Проспал он долго, более часу, и все в таком же оцепенении; ни один мускул лица его не двинулся. Ни малейшего движения во всем теле не выказалось; брови были все так же сурово сдвинуты. Если бы Варвара Петровна осталась еще на три минуты, то, наверное, не вынесла бы по­давляющего ощущения этой летаргической неподвижности и разбу­дила его. Но он вдруг сам открыл глаза и, по-прежнему не шевелясь, просидел еще минут десять, как бы упорно и любопытно всматрива­ясь в какой-то поразивший его предмет в углу комнаты, хотя там ни­чего не было ни нового, ни особенного»[28].

Это описание Достоевского наводит на мысль, что Ставрогин уже мертв, образно выражаясь, он Дон Жуан, ставший Каменным гостем, зловещий призрак. Безотчетный страх матери, и дальнейшее его про­буждение (как будто возвращение из иных, мрачных миров) подтвер­ждает это подозрение. Да и поведение его на протяжении всей книги сквозит пустотой, какие бы роли ему ни приписывали.

Степан Трофимович и другие герои того времени — вымышленные и реальные — любили поговорить о народе извне, как будто сами к нему не принадлежали. Всем мироощущением своим выносили себя за скобки, и, видимо, потому так натянуто-мучительны были эти «хо­ждения в народ» интеллигенции. Они давали полезные советы, как этому «народу» жить, восхищались и умилялись или презирали, лю­били — не любили, искали там какой-то высшей мудрости или ужаса­лись грубости, но они не шли с этим народом. А народ тем временем жил, растил хлеб и воровал, пух с голоду и богател, строил церкви и кабаки, но действительно была у народа какая-то цельность. И смот­рел народ на этих мыслителей и дивился их чудачествам. Достоев­ский прошел этот путь, об этом — в «Записках из мертвого дома». Именно на каторге сумел он понять народ (и крепок же, видимо, этот народ был, если и в тюрьме Достоевский смог, глядя на людей, понять хорошее в них и полюбить. Представить подобную ситуацию в совет­ской тюрьме просто невозможно). В «Бесах» он выражает свое отно­шение к людям устами Шатова очень метко: «Вы потеряли различие добра и зла, ибо перестали свой народ узнавать»[29], «…под народом вы воображали себе один только французский народ, да и то одних пари­жан, и стыдились, что русский народ не таков. И это голая правда! А у кого нет народа, у того нет и Бога!»[30]

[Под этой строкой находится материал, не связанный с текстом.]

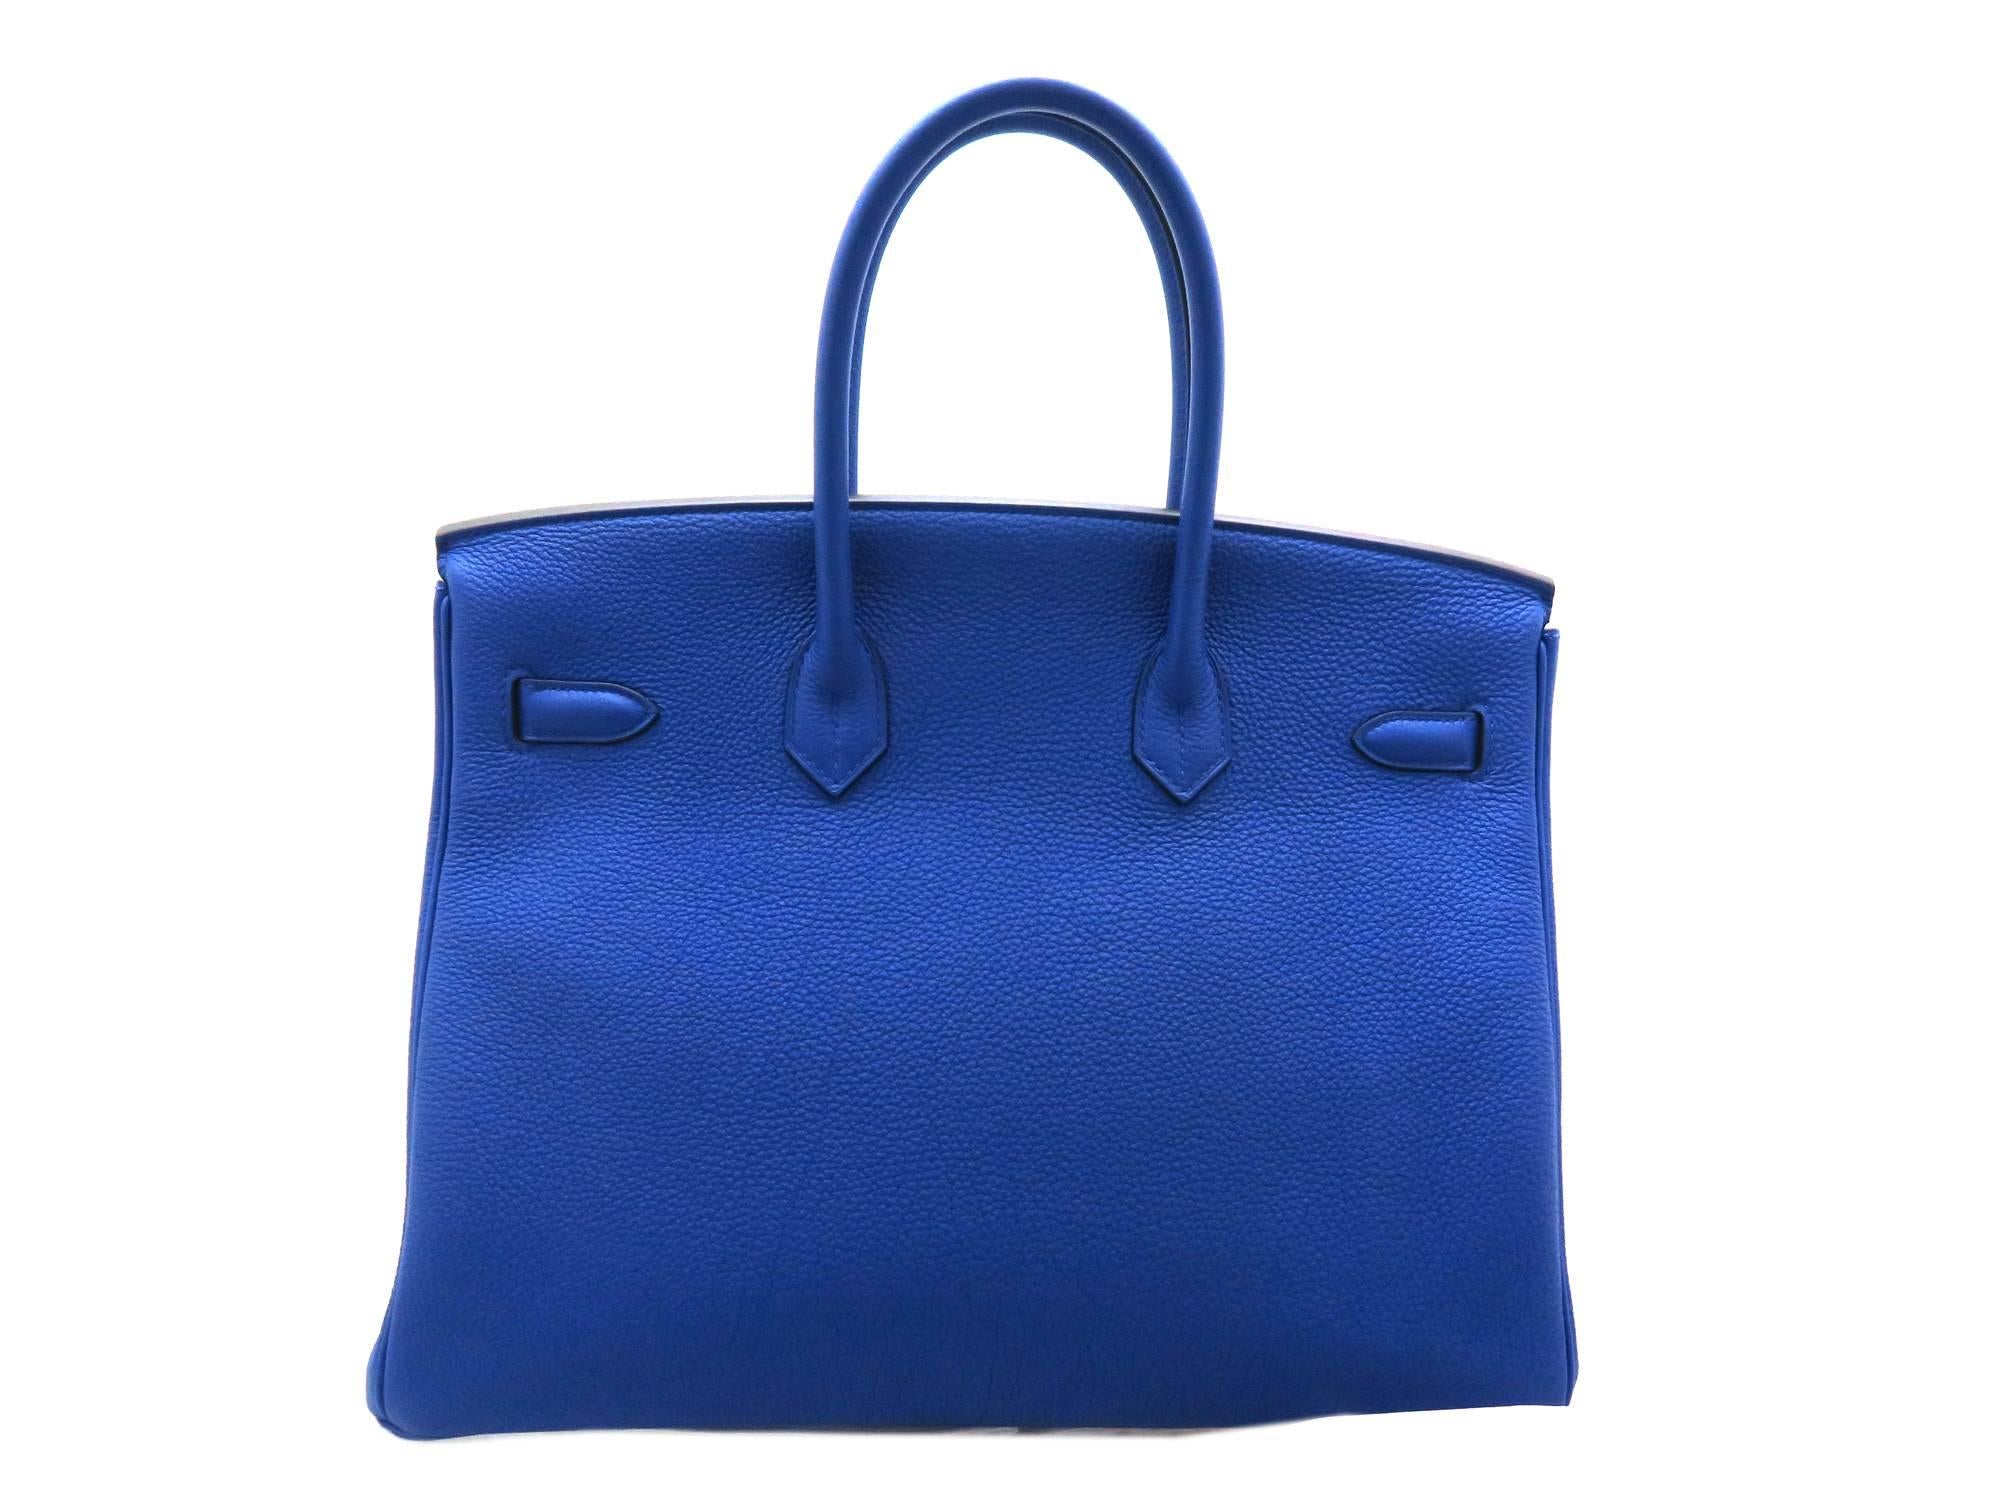 Blue Hermes Birkin 35 Bleu Electric Togo Leather SHW Top Handle Bag

Да, к Богу у Степана Трофимовича и иже с ним отношение, мягко сказать, странное. Он верует в le bon Dieu — «Доброго Господа» — по­казательное французское выражение. «Не понимаю, почему меня все здесь выставляют безбожником? — говаривал он иногда, — я в Бога верую, как в существо, себя лишь во мне сознающее. Что же касается до христианства, то, при всем моем искреннем к нему уважении, я — не христианин. Я скорее древний язычник, как великий Гете или как древний грек». Однако, как красиво бы это ни называлось, «по плодам их узнаете их». Как уже замечено ранее, он приложил руку к воспита­нию почти всех молодых героев романа. Как говорит Лиза, он учил ве­рить «En Dieu, qui est la-haut et que est si grand et si bon? (В Бога, кото­рый наверху и который так велик и так добр?)… А помните ваши рас­сказы о том, как Колумб открывал Америку и как все закричали: «Земля, земля!»… А помните, как вы мне описывали, как из Европы в Америку бедных эмигрантов перевозят? И все-то неправда, я потом все узнала, как перевозят, но как он мне хорошо лгал тогда… почти лучше правды!»[31] Вот в этом-то и есть трагедия. Детям нельзя врать. А тем более так, что «почти лучше правды».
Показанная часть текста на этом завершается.